EXERCISE DATA:
☆ ☆ ☆

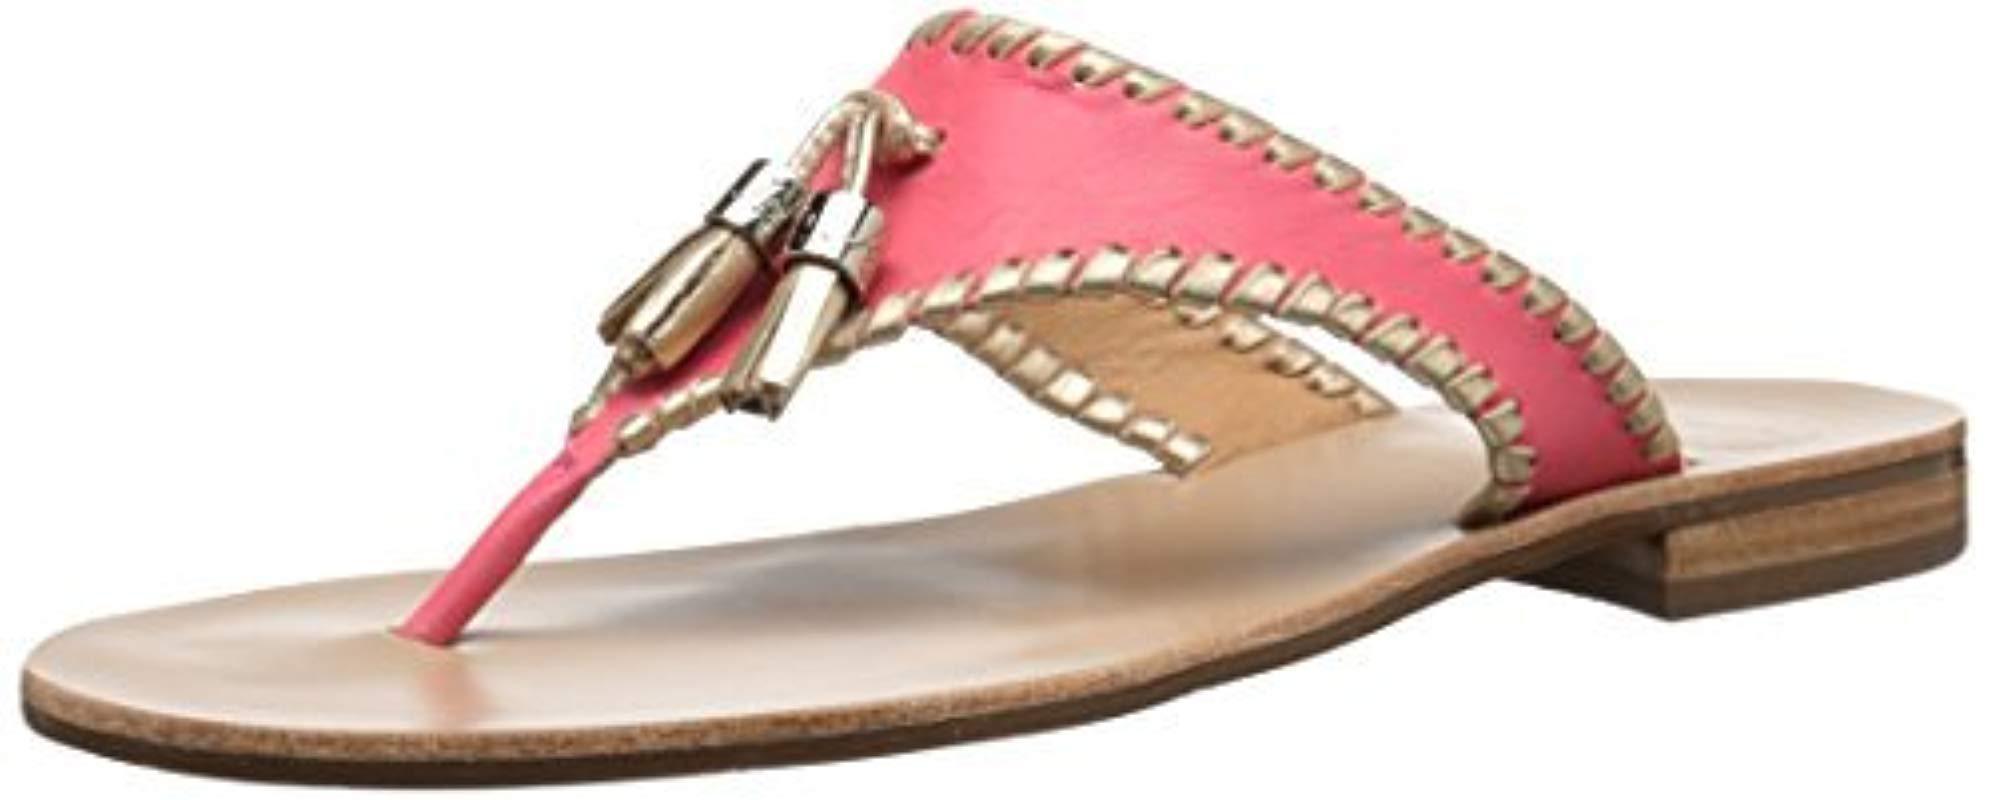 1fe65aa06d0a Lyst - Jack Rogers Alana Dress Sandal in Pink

☆ ☆ ☆

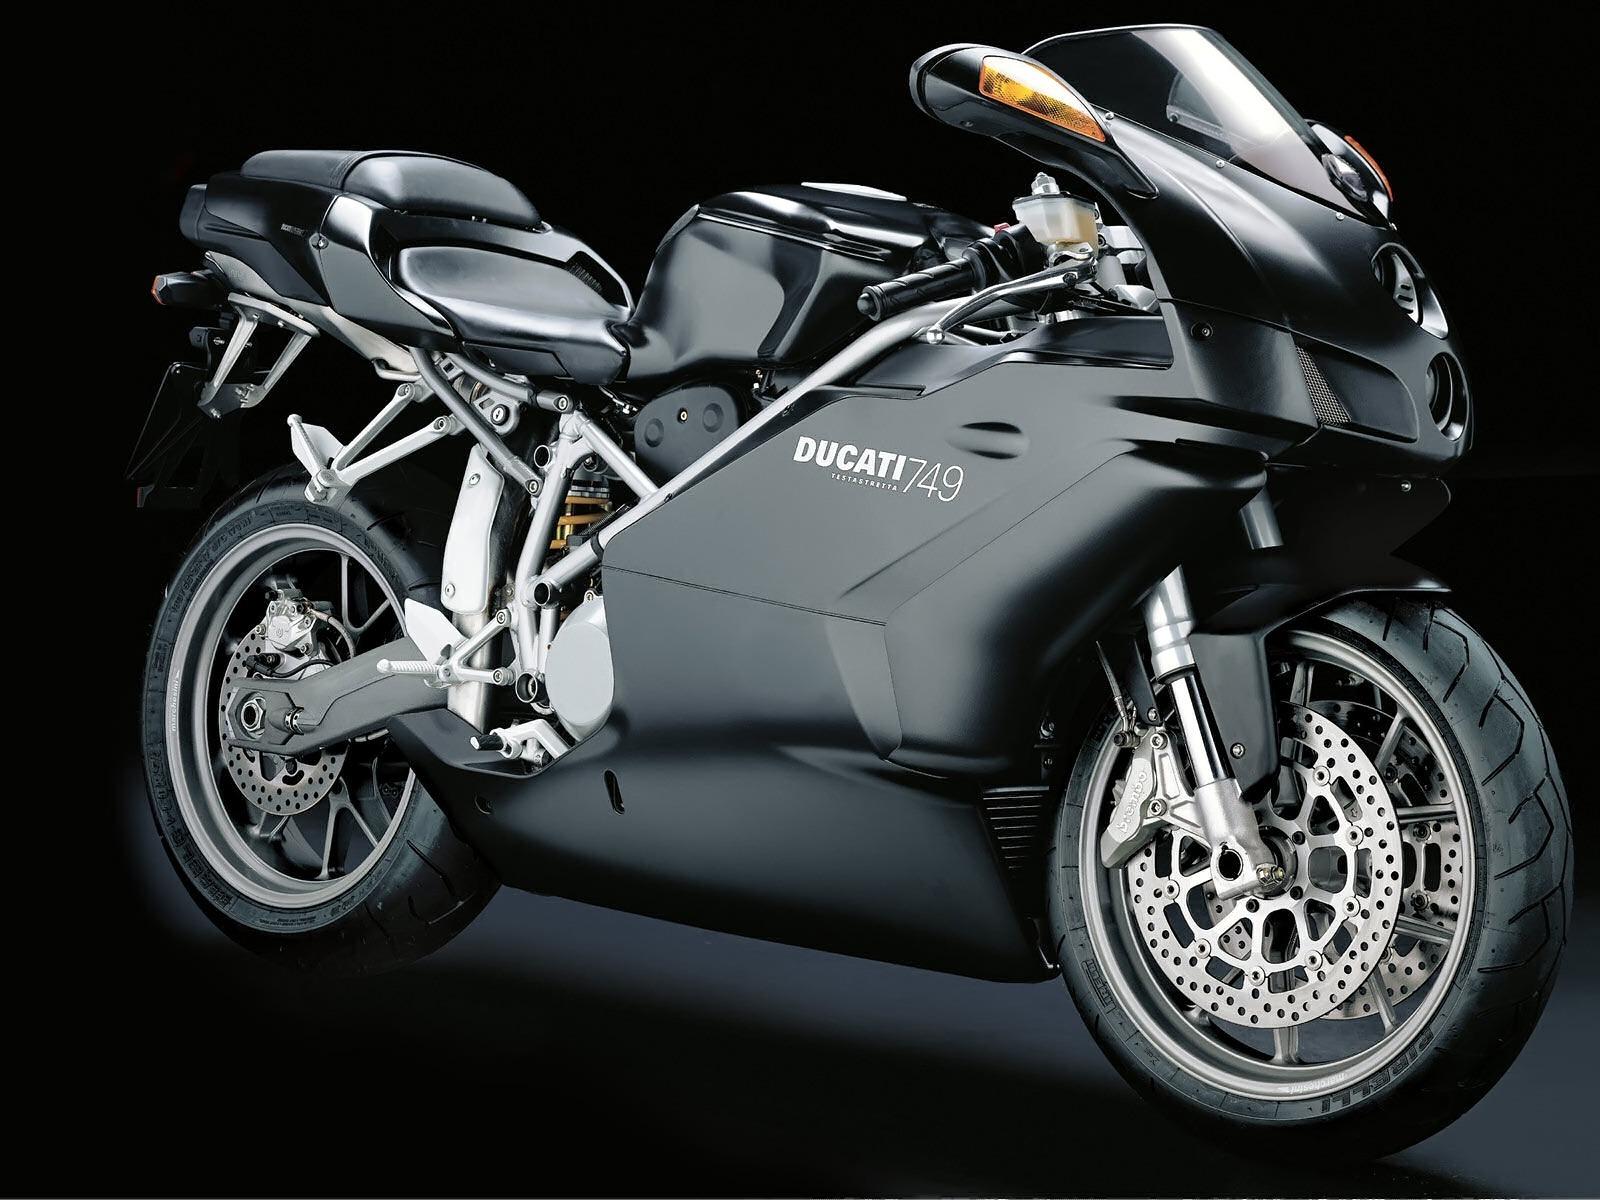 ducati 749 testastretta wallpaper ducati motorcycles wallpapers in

☆ ☆ ☆

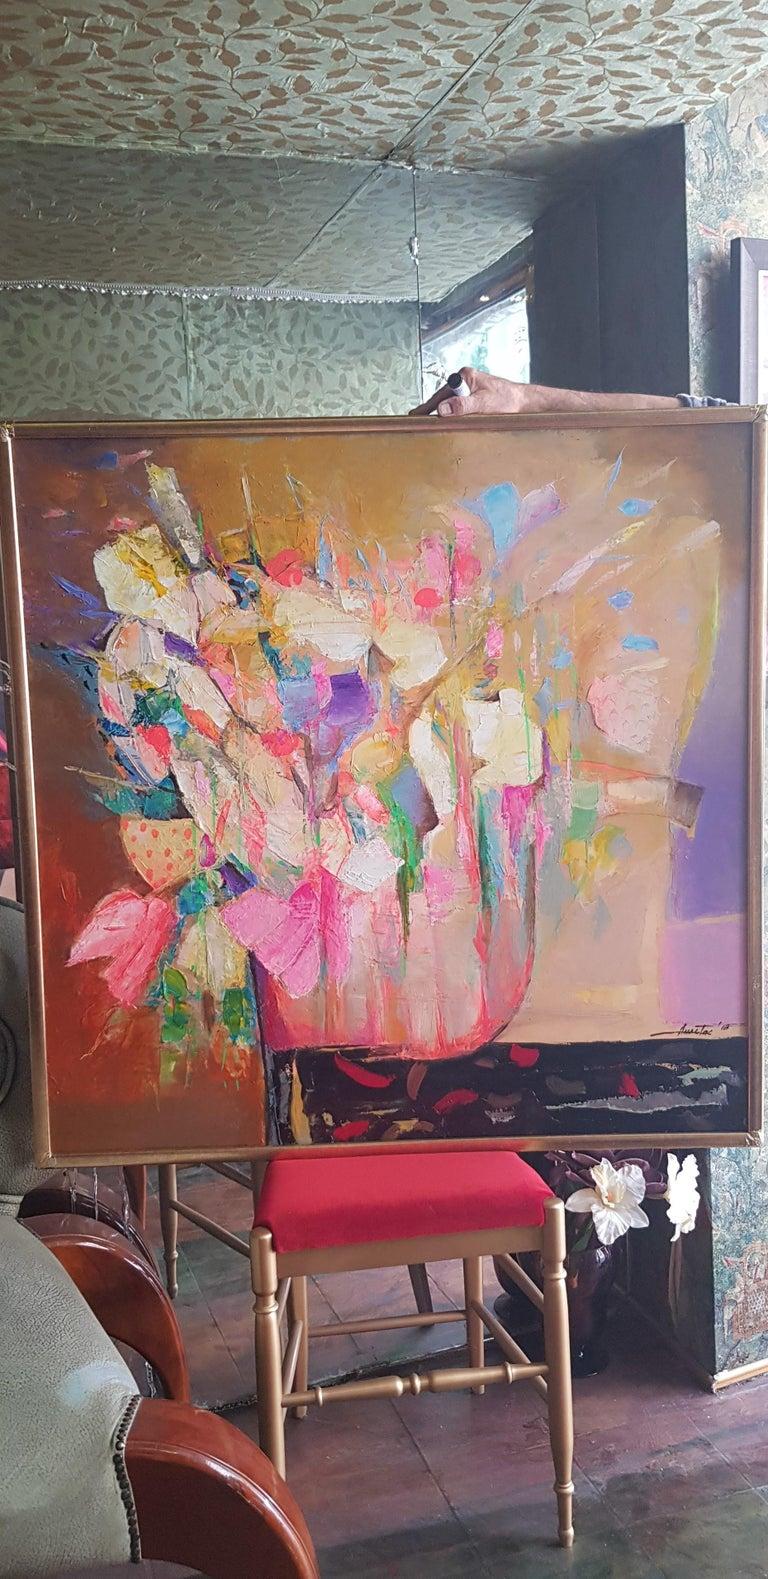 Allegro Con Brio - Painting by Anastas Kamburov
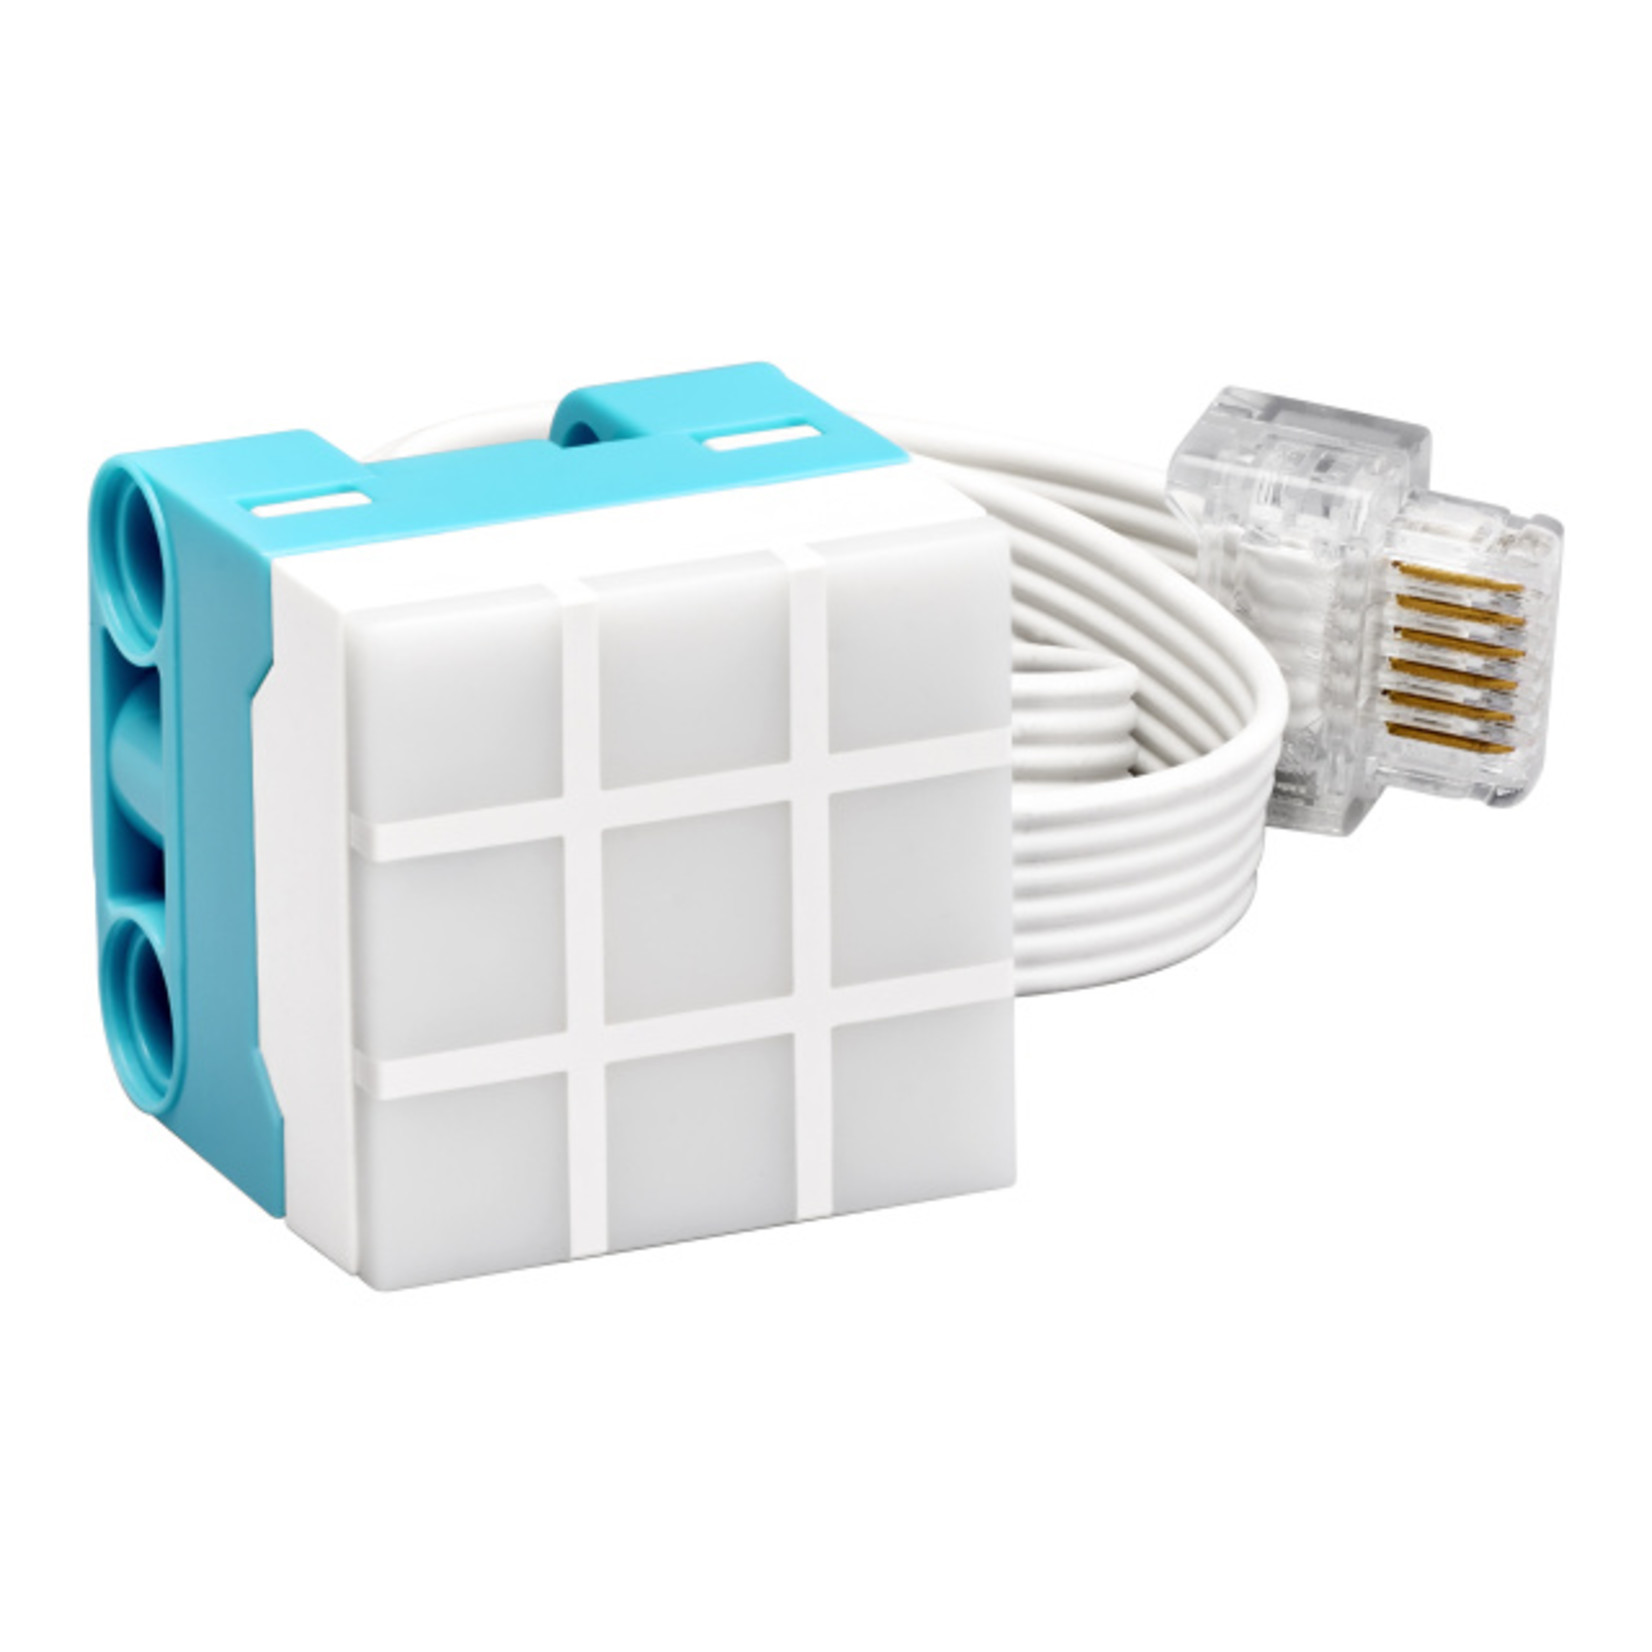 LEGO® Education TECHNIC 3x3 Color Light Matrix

☆ ☆ ☆

PROBLEM STATEMENT:
Output exactly, and only, the lines of the entries above from the one with "Allegro Con Brio" up to and including the one with "LEGO® Education TECHNIC"; pictures are to be left out.

EXPECTED OUTPUT:
 Allegro Con Brio - Painting by Anastas Kamburov
 LEGO® Education TECHNIC 3x3 Color Light Matrix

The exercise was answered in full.